Prove some properties of ring homomorphism

abstract-algebraring-homomorphismring-theory

Let $R,S$ be rings and $\varphi : R\to S$ be a ring homomorphism. Verify that

  1. $\varphi(na) = n\varphi(a)$ for all $n\in\mathbb Z$ and $a\in R$.
  2. $\varphi(a^n) = (\varphi(a))^n$ for all $n\in\mathbb Z^+$ and all $a\in R$.
  3. If $A$ is a subring of $R$, then $\varphi(A) = \{\varphi(a):a\in A\}$ is a subring of $S$.

For (1) I have the following:
$$
\begin{split}
\varphi(na) &= \varphi((n-1)a+a) \\
&= \varphi((n-1)a)+\varphi(a) \\
&= (n-1)\varphi(a)+\varphi(a)\\
&= n\varphi(a).
\end{split}
$$

For (2): For $n=1$, we have $\varphi(a) = \varphi(a)$. Suppose for some $n\in\mathbb Z^+$ that $\varphi(a^n)=(\varphi(a))^n$. Observe:
$$
\begin{split}
\varphi(a^n) & =(\varphi(a))^n \\
\varphi(a)\cdot \varphi(a^n) & =\varphi(a)\cdot (\varphi(a))^n \\
\varphi(a \cdot a^n) & =(\varphi(a))^{n+1} \\
\varphi( a^{n+1}) & =(\varphi(a))^{n+1} \\
\end{split}
$$

For (3): I verify for $a,b\in\varphi(A)$ then $a-b\in\varphi(A)$ and $a\cdot b\in \varphi(A)$ (for brevity).

  • Well, $0\in A \implies 0 \in \varphi(A) $
  • For $a,b \in \varphi(A)$ we have $\varphi(a) – \varphi(b) = \varphi(a-b)$, thus, verified, because $a-b\in A$.
  • For $a,b \in \varphi(A)$, we have $\varphi(a) \cdot \varphi(b) = \varphi (a\cdot b)$, thus, verified, because $a\cdot b \in A$.

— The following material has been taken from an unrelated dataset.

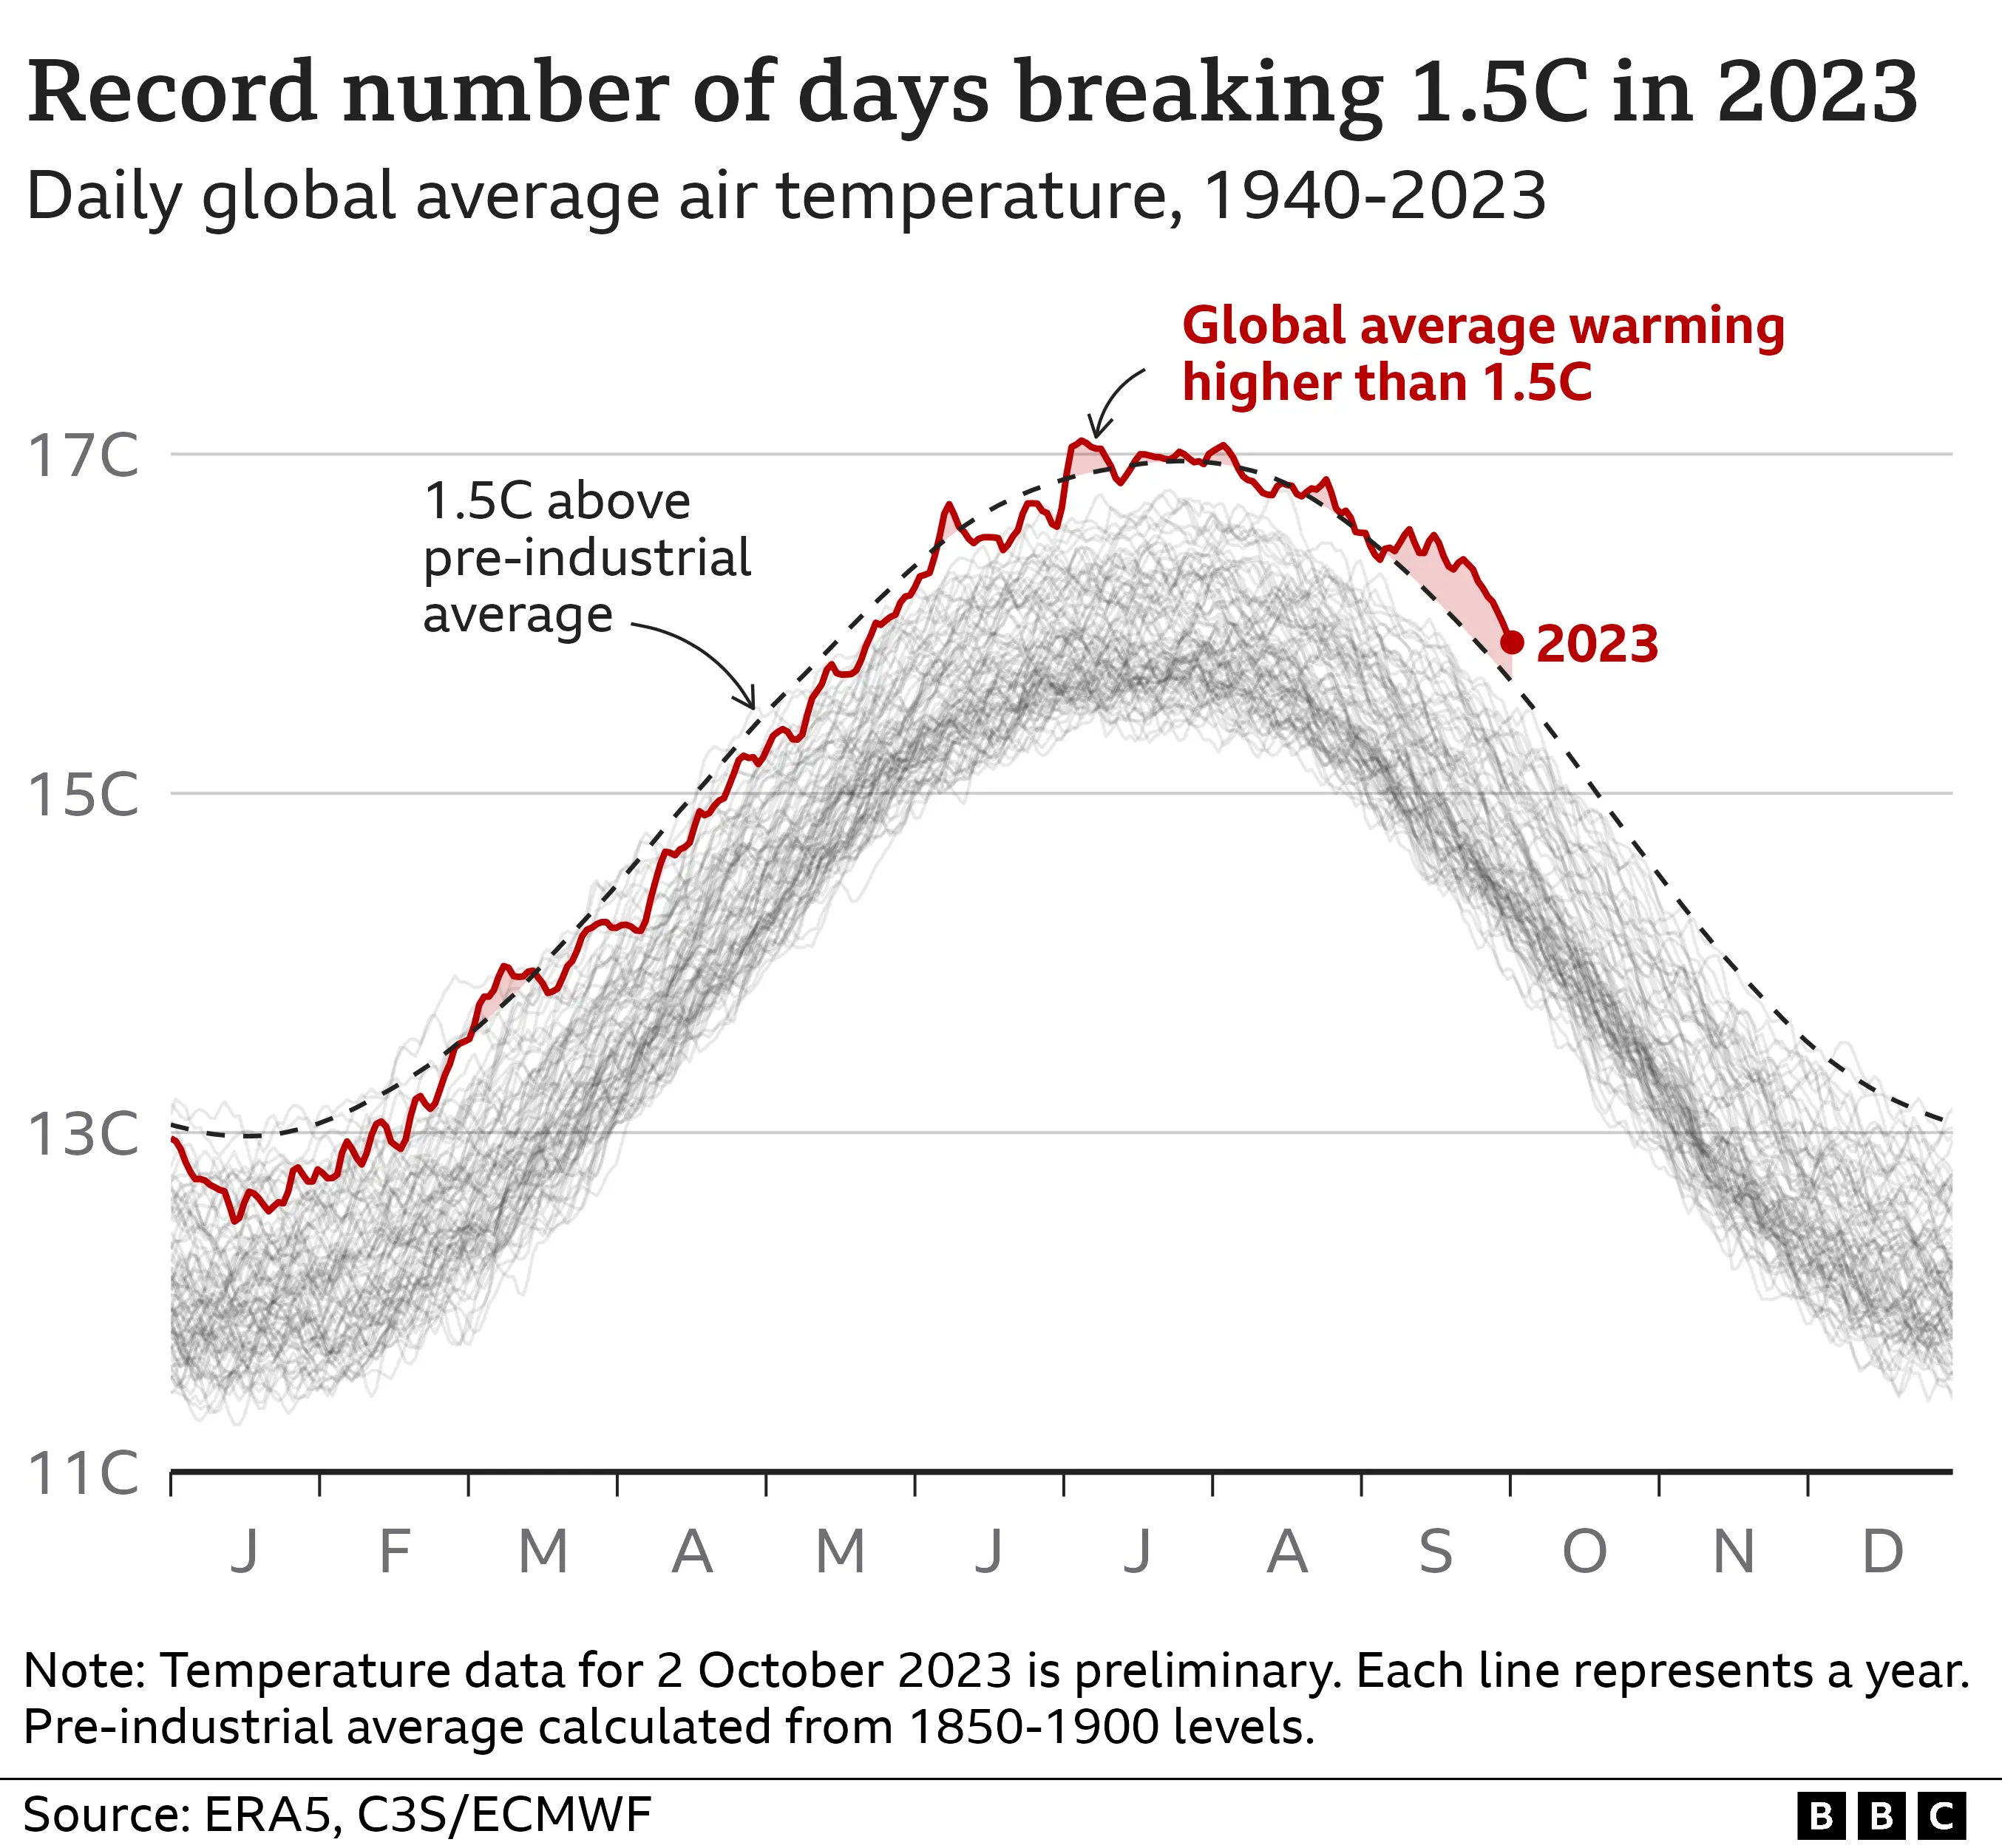 World breaches key 1.5C warming mark for record number of days

Did I do these right? Feedback appreciated!

Best Answer

For the first property, use induction to show that $\phi(na) = n\phi(a)$ for all $a$ and $n\geq 0$. This is actually what you have done.

For negative $n$ one must be careful. For $n>0$ put $(-n)a = -(na)$, which is the additive inverse of $na$. This part is then true simply by definition.